On Sunday evening 18 December 1903, Evan Roberts preached his first sermon at his home church of Moriah, Loughor. He preached on Luke 9.23: 'Then he said to them all: "If anyone would come after me, he must deny himself and take up his cross daily and follow me."'
From December 1903 to September 1904, Evan Roberts spent his time at home in Island House preparing himself for entry into the Calvinistic Methodist ministry. This was a time of sitting exams and preaching some sermons in the local chapels. It was during this time that he became friendly with Sydney Evans, who was to become a key figure later, in the revival. He too was preparing to enter the grammar school and apply for the Christian ministry. He was later to marry Evan Roberts's sister Mary. During the spring of 1904, Evan began to experience an ongoing and intense encounter with God. He tells the story himself.
'Taken up' - Spring 1904
'For a long time I was much troubled in my soul and my heart by thinking over the failure of Christianity - oh! it seemed such a failure - such a failure and I prayed and prayed, but nothing seemed to give me any relief.
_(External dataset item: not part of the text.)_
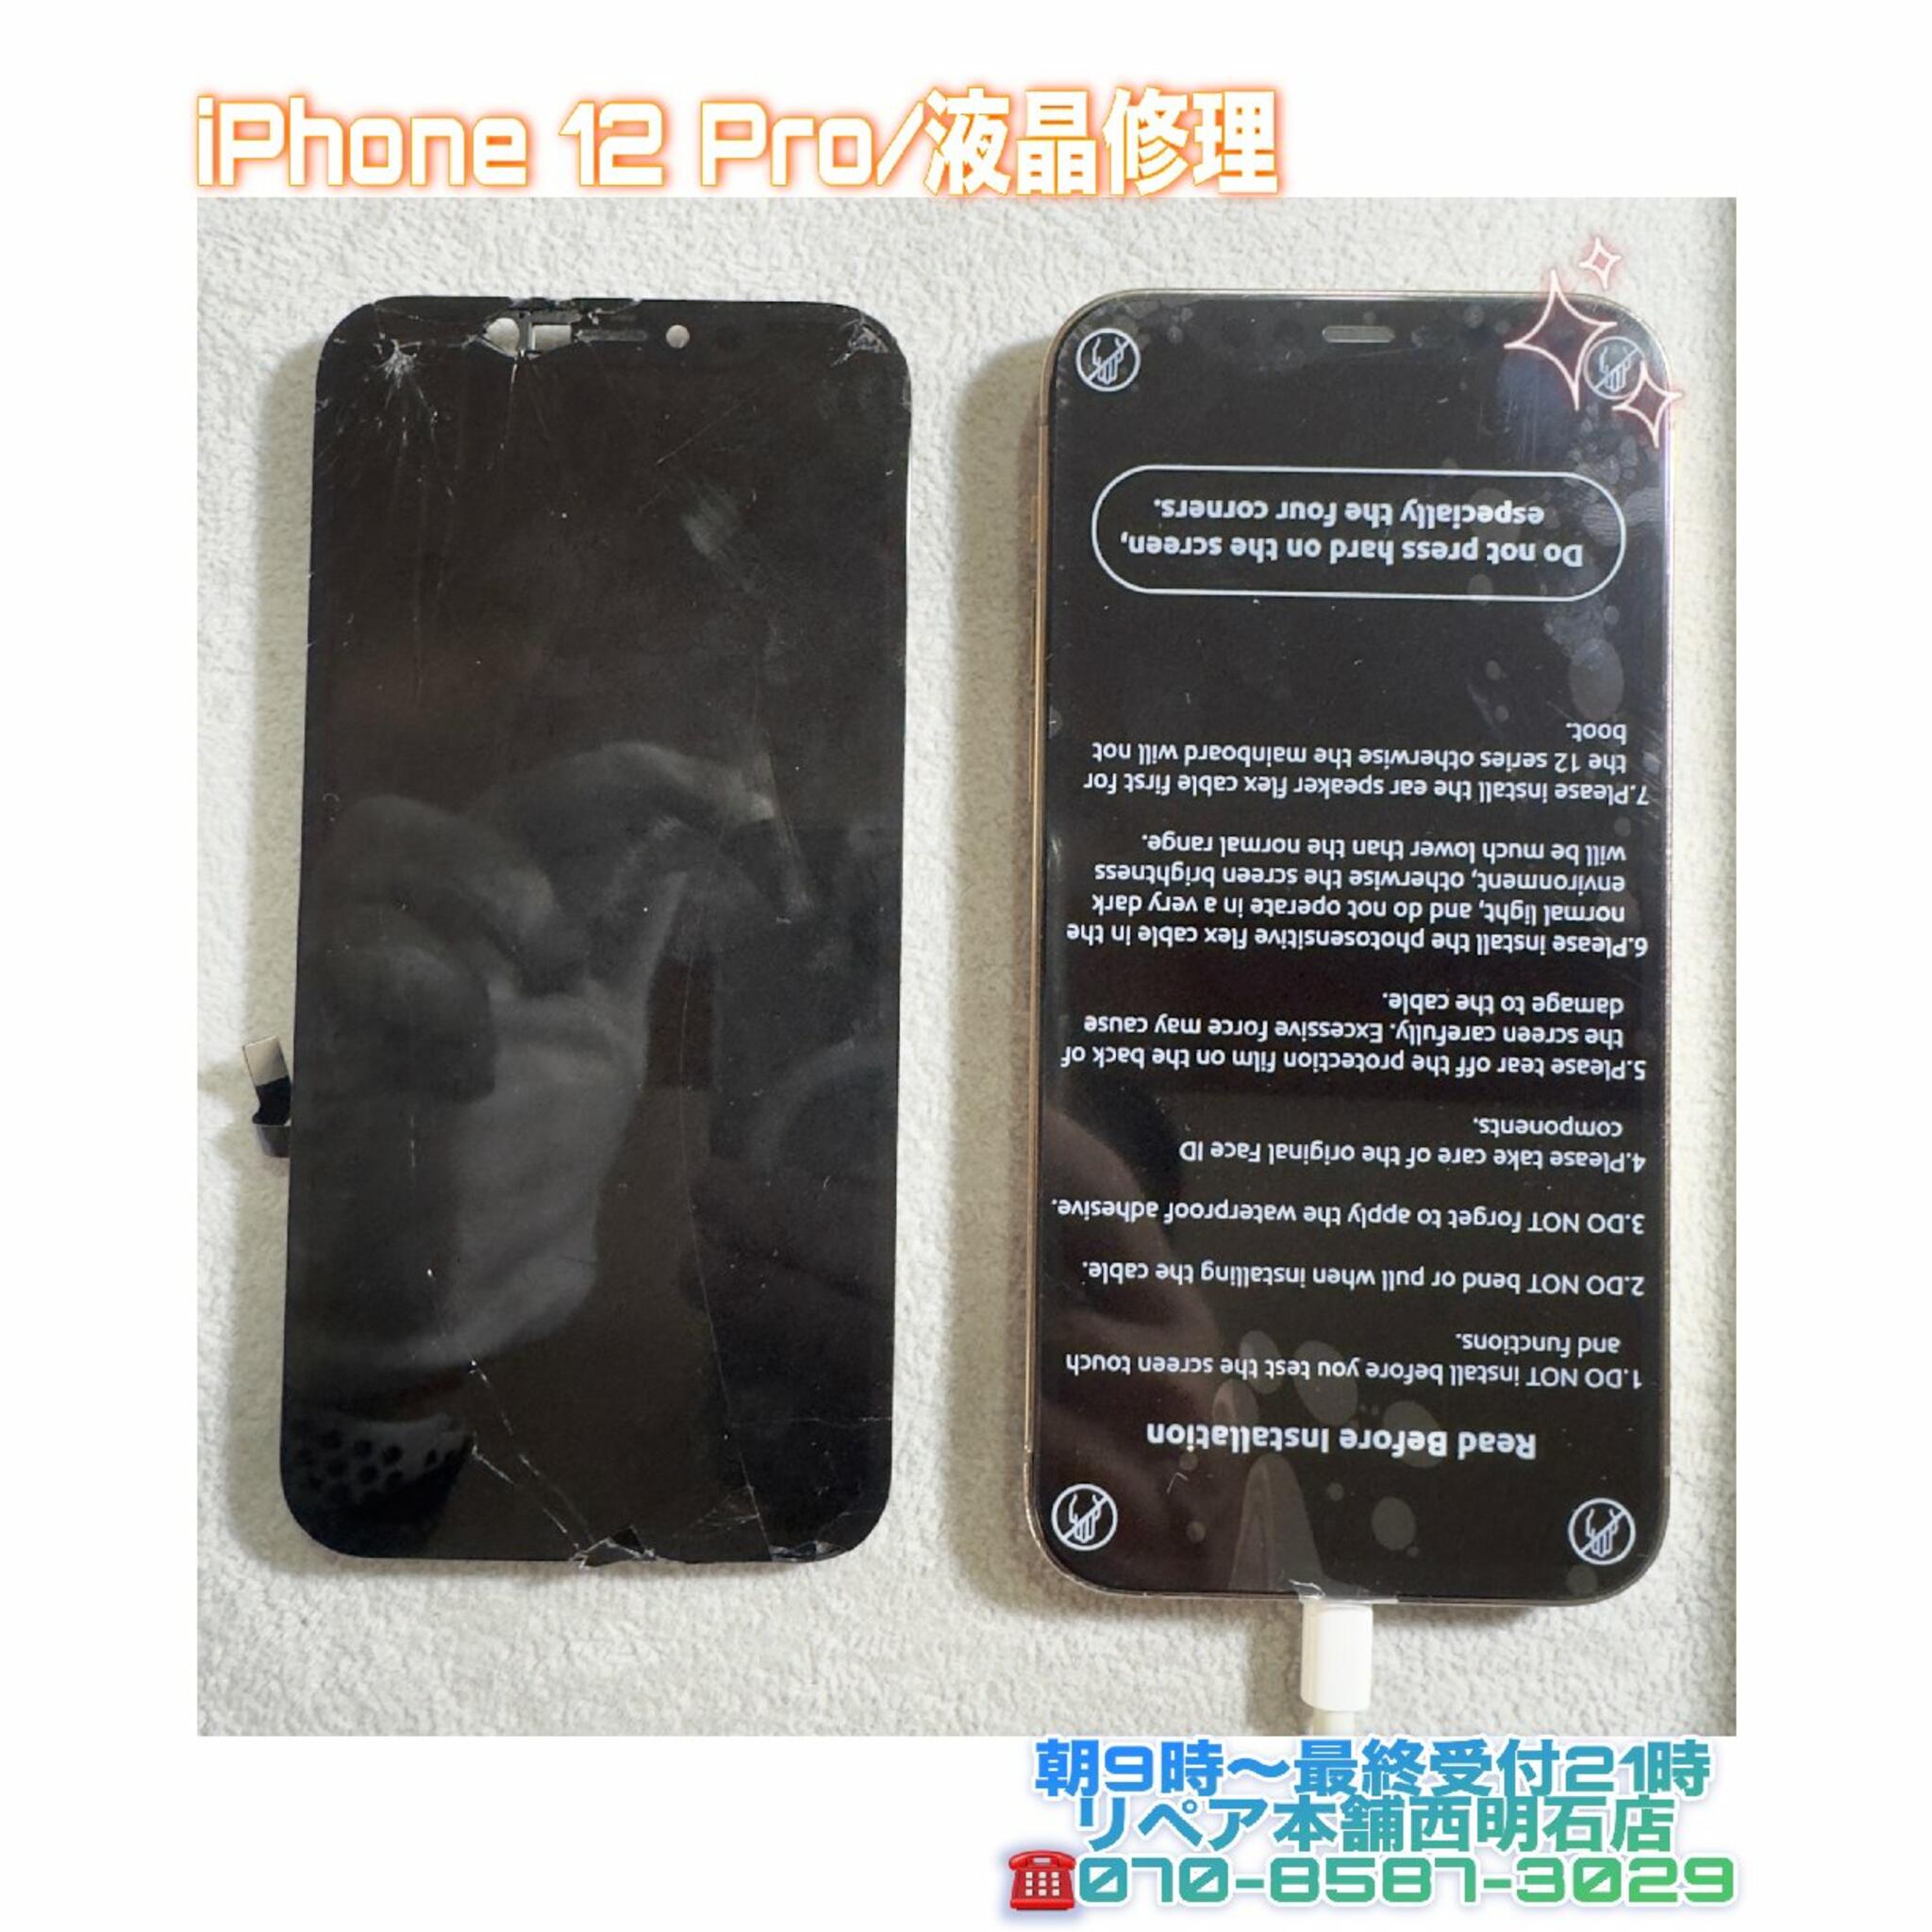 iPhone修理 明石 リペア本舗 西明石店からのお知らせ(💡神戸市西区の方より、iPhone 12液晶不良にてご来店頂きました😲)に関する写真

But one Friday night last spring after I had been in great distress praying about this, I was taken up to a great expanse - without time and space. It was communion with God. I found myself with unspeakable joy and awe in the very presence of the almighty God. I was privileged to speak face to face with him as a man speaks face to face with a friend. Before this, a far-off God I had. I was frightened that night, but never since. So great was my shivering that I rocked the bed, and my brother, being awakened, took hold of my thinking I was ill.
'After that experience I was awakened every night a little after one o'clock. This was strange, for through the years I slept like a rock, and no disturbance in my room would awaken me. From that hour I was taken up into the divine fellowship for about four hours. What it was I cannot tell you, except that it was divine. I felt it and it seemed to change all my nature and I saw things in a different light and I knew that God was going to work in the land, and not this land only but in all the world. About five o'clock I was again allowed to sleep on till about nine.'
New Quay in West Wales
At the time that Evan Roberts was experiencing his 'face-to-face' encounter with God in the spring of 1904, God's Spirit was also at work among a group of young people at Tabernacle Church, New Quay.
The minister, Joseph Jenkins, had been concerned about the spiritual life of the church in his area for some time and had already held a 'Convention for the Deepening of the Spiritual Life' at New Quay, 31 December 1903 - 1 January 1904, the speakers being Mr. and Mrs. J.M. Saunders and W.W. Lewis. This had been seen as a success. Other conferences had been planned: the second in Aberaeron 30 June - 1 July and the third at Blaenannerch in September 1904.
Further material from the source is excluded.